Nos concitoyens ont une conception d’ancien régime, lorsqu’ils se plaignent que la chambre n’est pas assez « distinguée. » Elle ne l’est pas davantage en Allemagne ou en Angleterre. Il est tout naturel que la masse électorale délègue ses pouvoirs à des gens qui vivent en communauté de sentimens avec elle, et qui n’en sont pas séparés par une trop grande distance intellectuelle. Ce sont d’heureuses chances qui envoient siéger quelques-unes de ces sommités dont je parlais plus haut. Il en faut, c’est l’honneur d’une assemblée ; mais il lui faut aussi des représentans qui soient plus peuple, c’est là sa force. Il en faut qui plongent plus profondément dans la vie rurale ou ouvrière, qui en soient fraîchement sortis, parce qu’ils en connaissent mieux les besoins, ils en présentent une image plus fidèle. Les uns et les autres, réunis, symbolisent l’avènement de l’état de choses que Montesquieu recommandait, dans l’Esprit des lois, en ces termes : « Plus une aristocratie approchera de la démocratie, plus elle sera parfaite. »

Les six cents députés qui, en novembre prochain, viendront s’asseoir au palais Bourbon constituent, malgré qu’on en ait, une aristocratie démocratique parce qu’elle est temporaire, mais omnipotente pendant sa durée ; et je ne vois guère que les anarchistes qui seraient assez conséquens avec eux-mêmes pour supprimer cette dignité élective des législateurs, comme l’ensemble des rouages généralement quelconques du gouvernement. Ils ne sont d’ailleurs pas près d’atteindre leur but, attendu que le premier soin de toute force qui s’organise est précisé* ment de mettre l’anarchisme à la porte. C’est ce qui vient de se passer, il y a quelques jours, au congrès socialiste de Zurich, où le parti doctrinaire, représenté surtout par les Anglais et les Allemands, ayant à leur tête MM. Bebel et Liebknecht, a expulsé, dès la seconde séance, les membres des partis révolutionnaires, non estampillés.

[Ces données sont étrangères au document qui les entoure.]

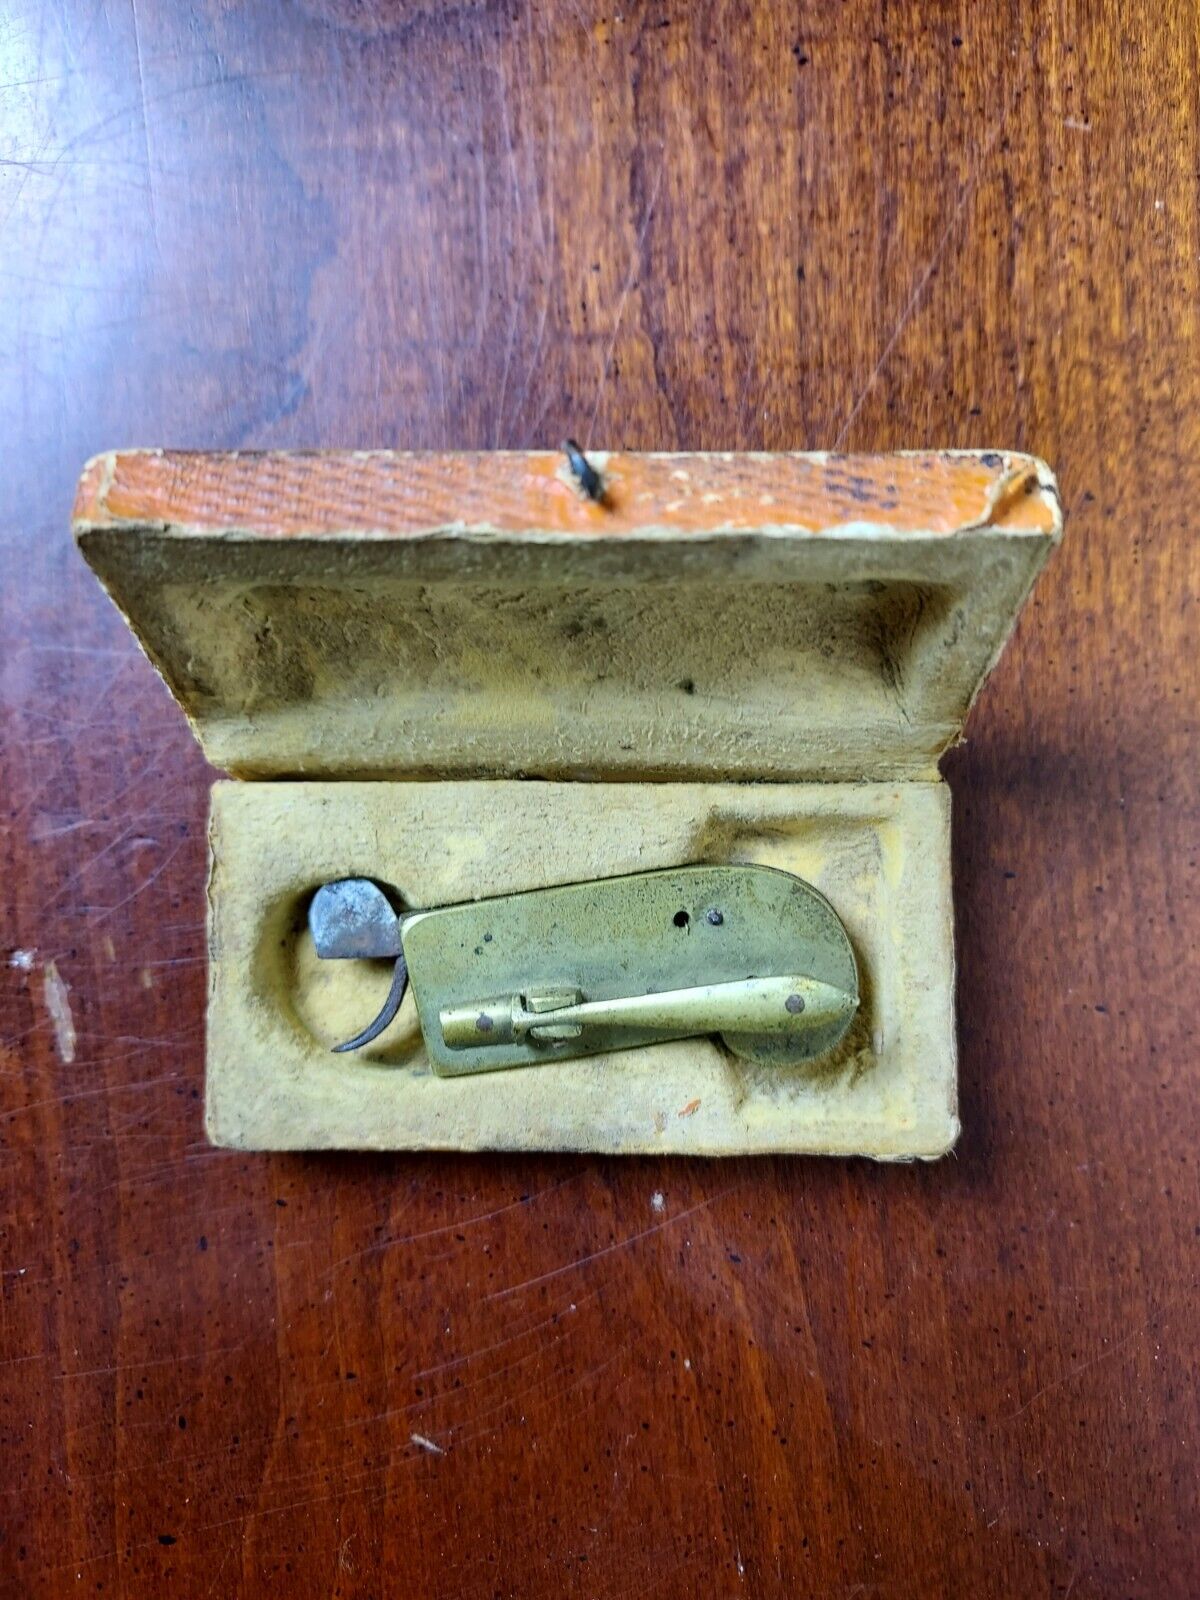 Antique Civil War Era Fleam Bleeder Medical Tool In Original Leather Case

Ceux-ci ont immédiatement constitué, à côté de l’autre, un congrès des refusés, dont il n’y a pas grand’chose à dire, parce qu’on y décida, dès le début, que la réunion serait complètement ouverte et ne prendrait aucune résolution.

La première de ces deux clauses enlève toute espèce d’intérêt à ce démembrement du congrès officiel, les opinions émises par les membres de ce genre de conciles ne méritant d’être recueillies qu’autant que les orateurs sont censés parler au nom d’un groupe plus ou moins nombreux de travailleurs. Ce congrès officiel lui-même n’a pas offert, pendant ses six journées de session, plus de nouveauté dans ses aperçus ou ses conclusions que tous ceux qui le suivront et l’ont précédé. Il a même témoigné d’un état d’esprit beaucoup plus confus que des réunions plus restreintes, quoique très vastes encore, comme celle des mineurs qui eut lieu à Bruxelles au mois de mai dernier, et qui déclarait légiférer au nom d’un million de têtes. A Bruxelles, au milieu du vide des déclamations inhérentes à ces champs de mai du prolétariat, on avait pu aborder des discussions pratiques : celle de l’assimilation, au point de vue de la journée de huit heures, des ouvriers du fond à ceux de la surface, celle encore d’une inspection supplémentaire des mines à confier exclusivement aux ouvriers. Sur ces deux questions du reste, la majorité avait émis des votes raisonnables. D’où l’on peut conclure que, si l’échange international de vues qui se fait entre ouvriers des divers pays peut avoir une utilité quelconque, c’est uniquement à la condition de comprendre des corps d’état définis, de porter sur des objets précis.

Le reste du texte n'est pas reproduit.